EXERCISE INSTRUCTIONS:
Look below for the line with "I-love-Apres-Ski-Herren-Shirt-Royalblau"; begin the copy there and stop after the line with "Allerme: Violin Party - Volume 1", keeping the text exact and the pictures out.

EXERCISE INPUT:
________

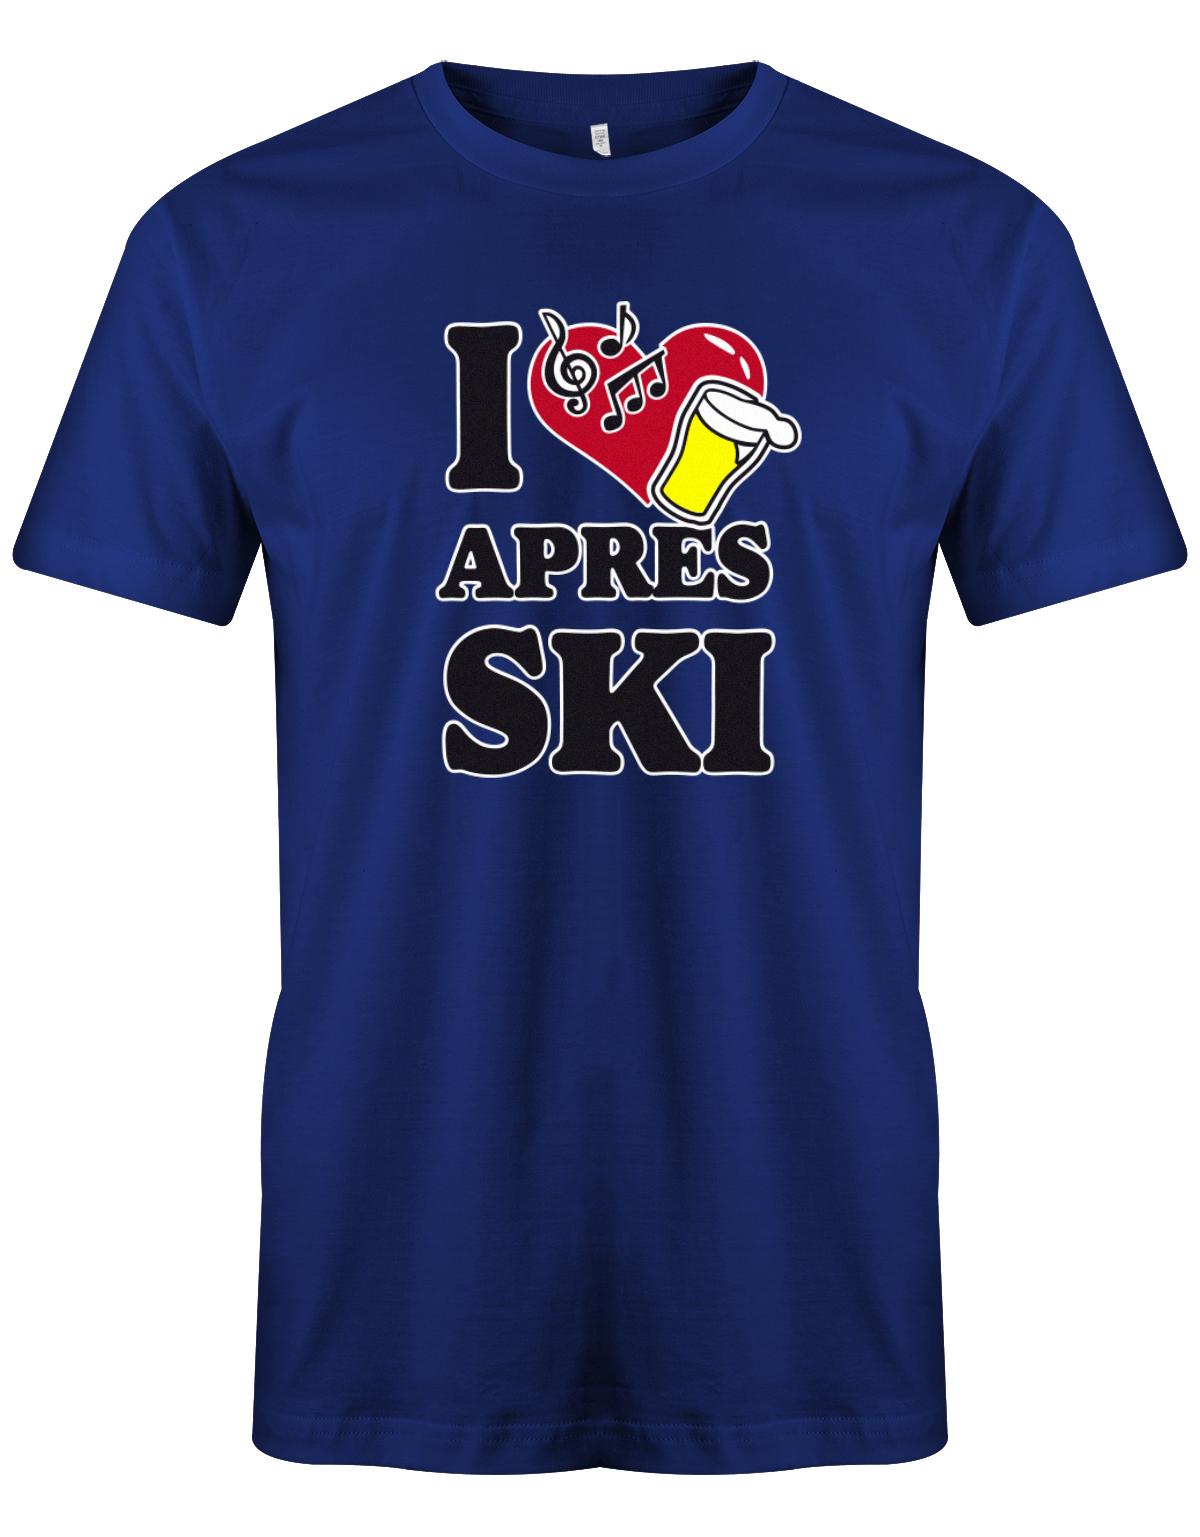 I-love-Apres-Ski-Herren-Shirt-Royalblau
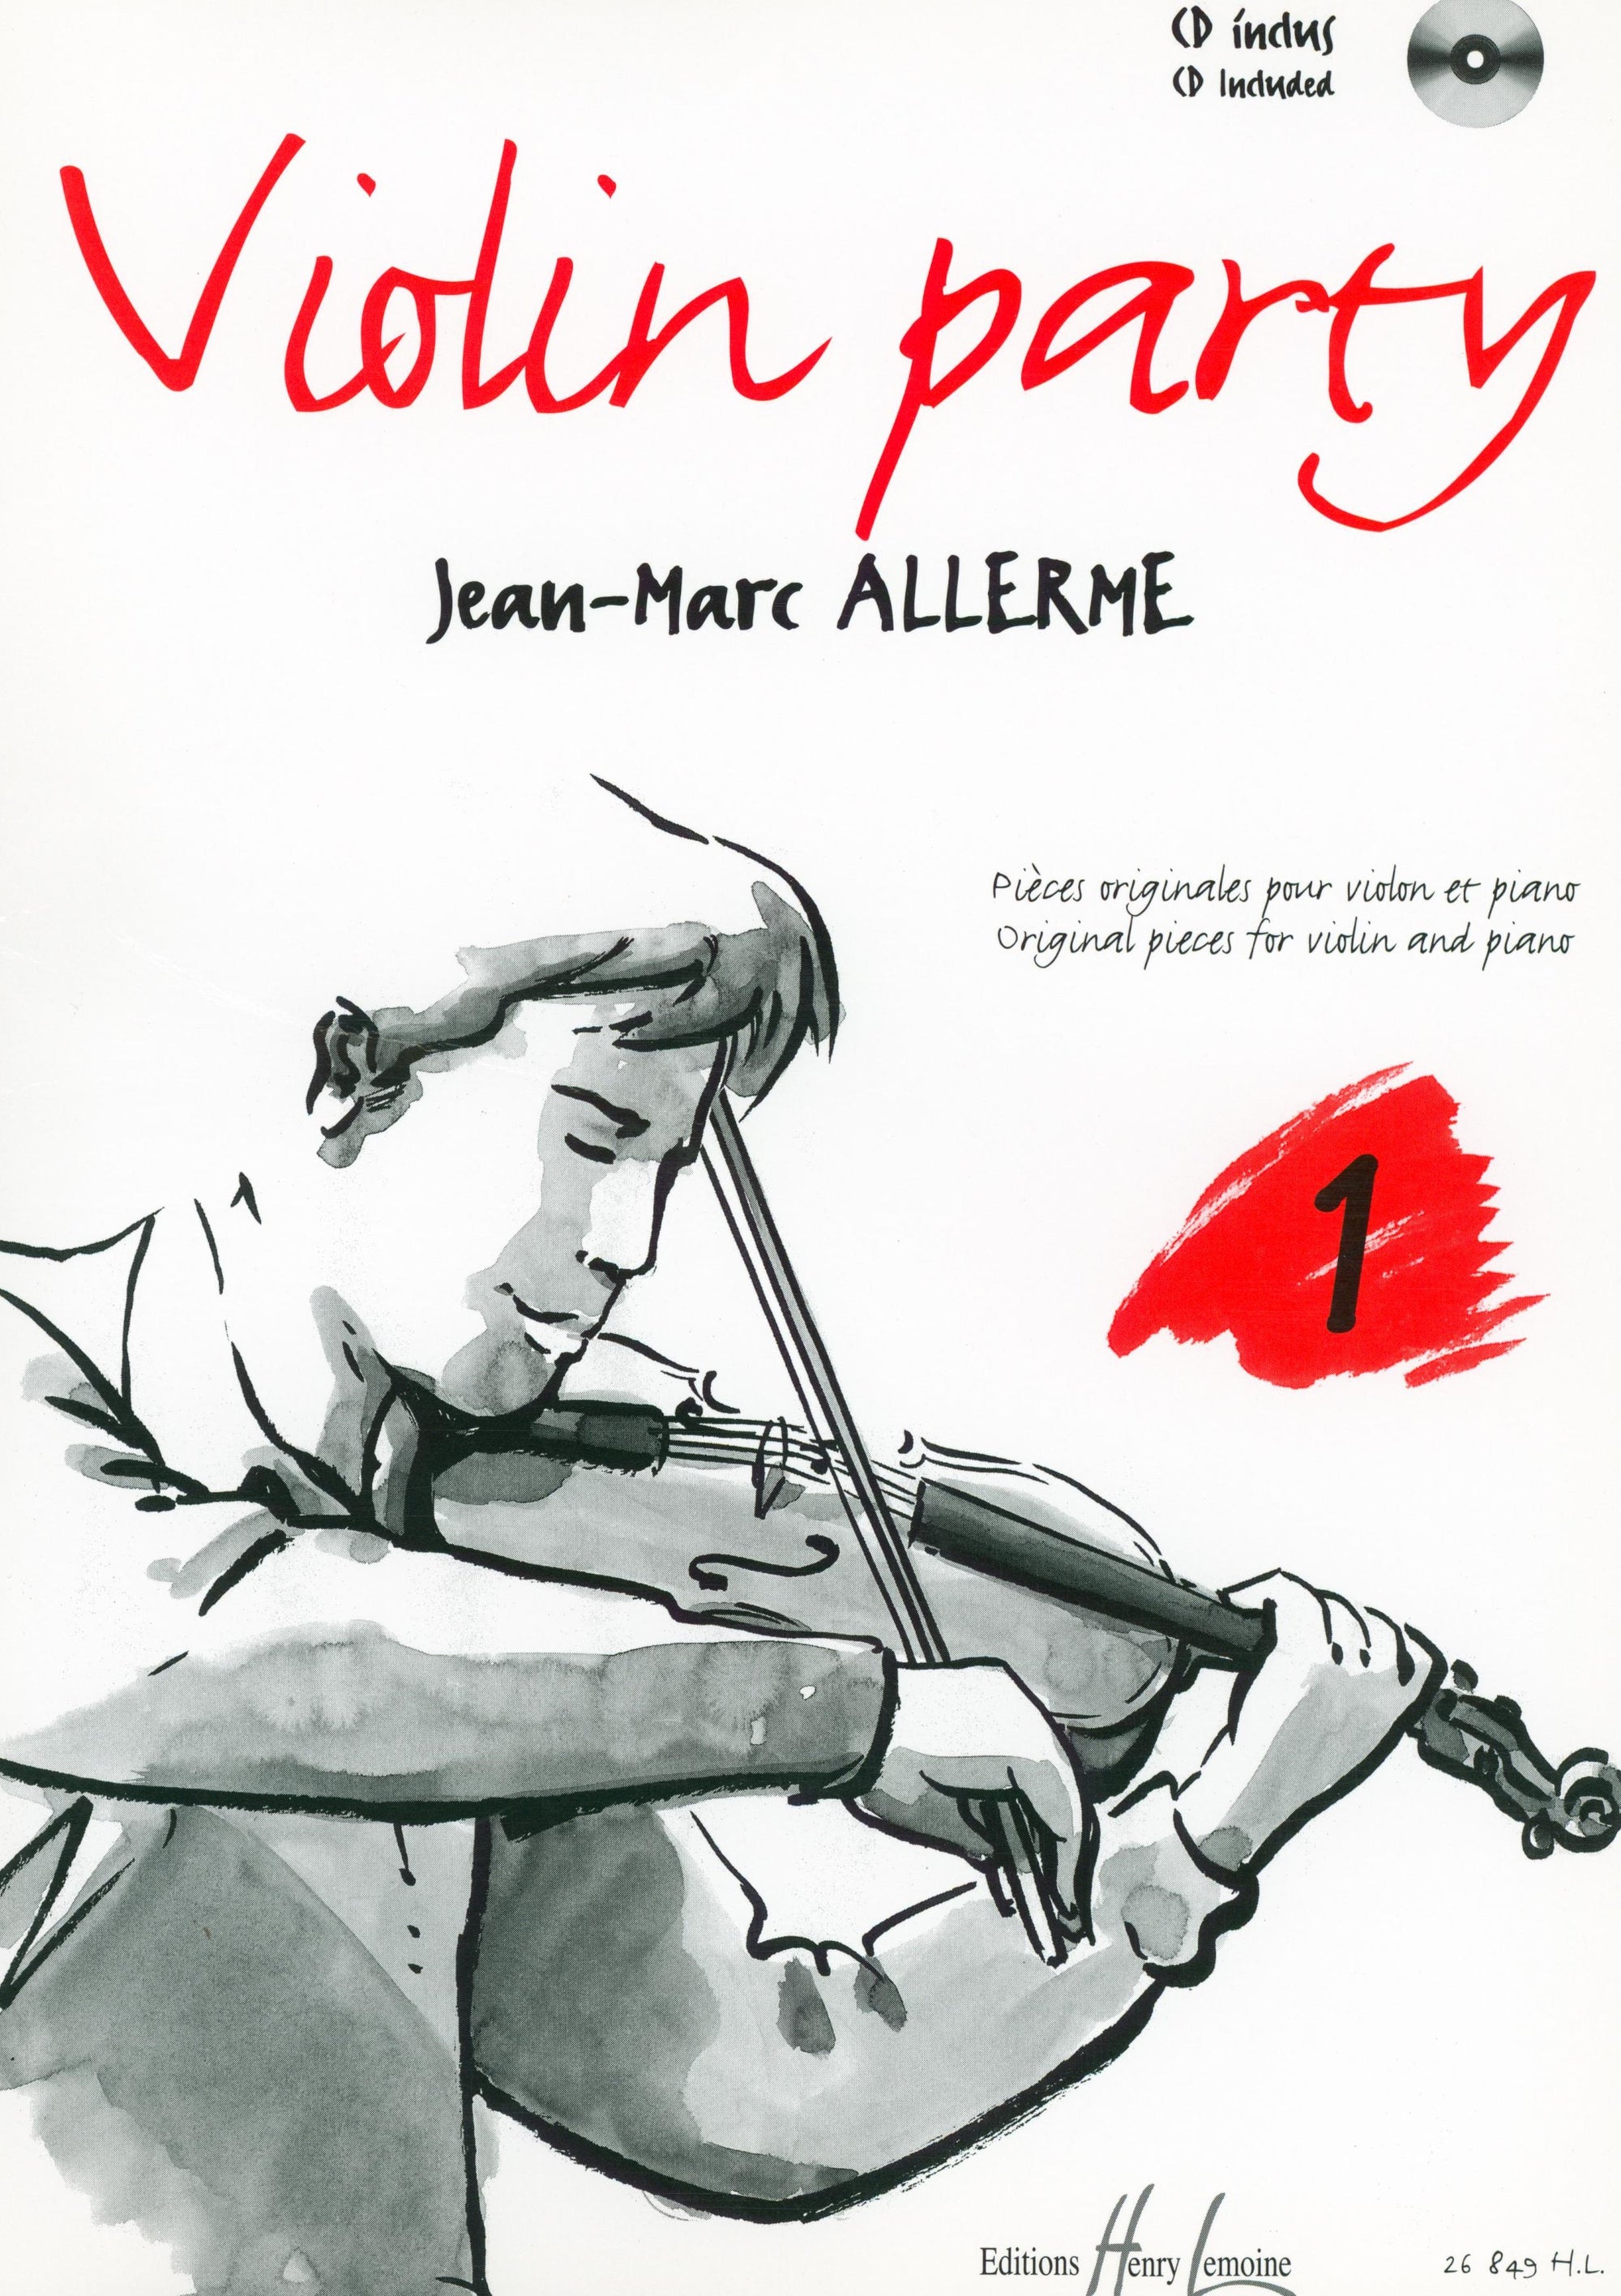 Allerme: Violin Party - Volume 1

________

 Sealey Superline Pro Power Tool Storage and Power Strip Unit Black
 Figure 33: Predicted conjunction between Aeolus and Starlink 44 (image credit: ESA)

________

SOLUTION FOR THIS EXERCISE:
 I-love-Apres-Ski-Herren-Shirt-Royalblau
 Allerme: Violin Party - Volume 1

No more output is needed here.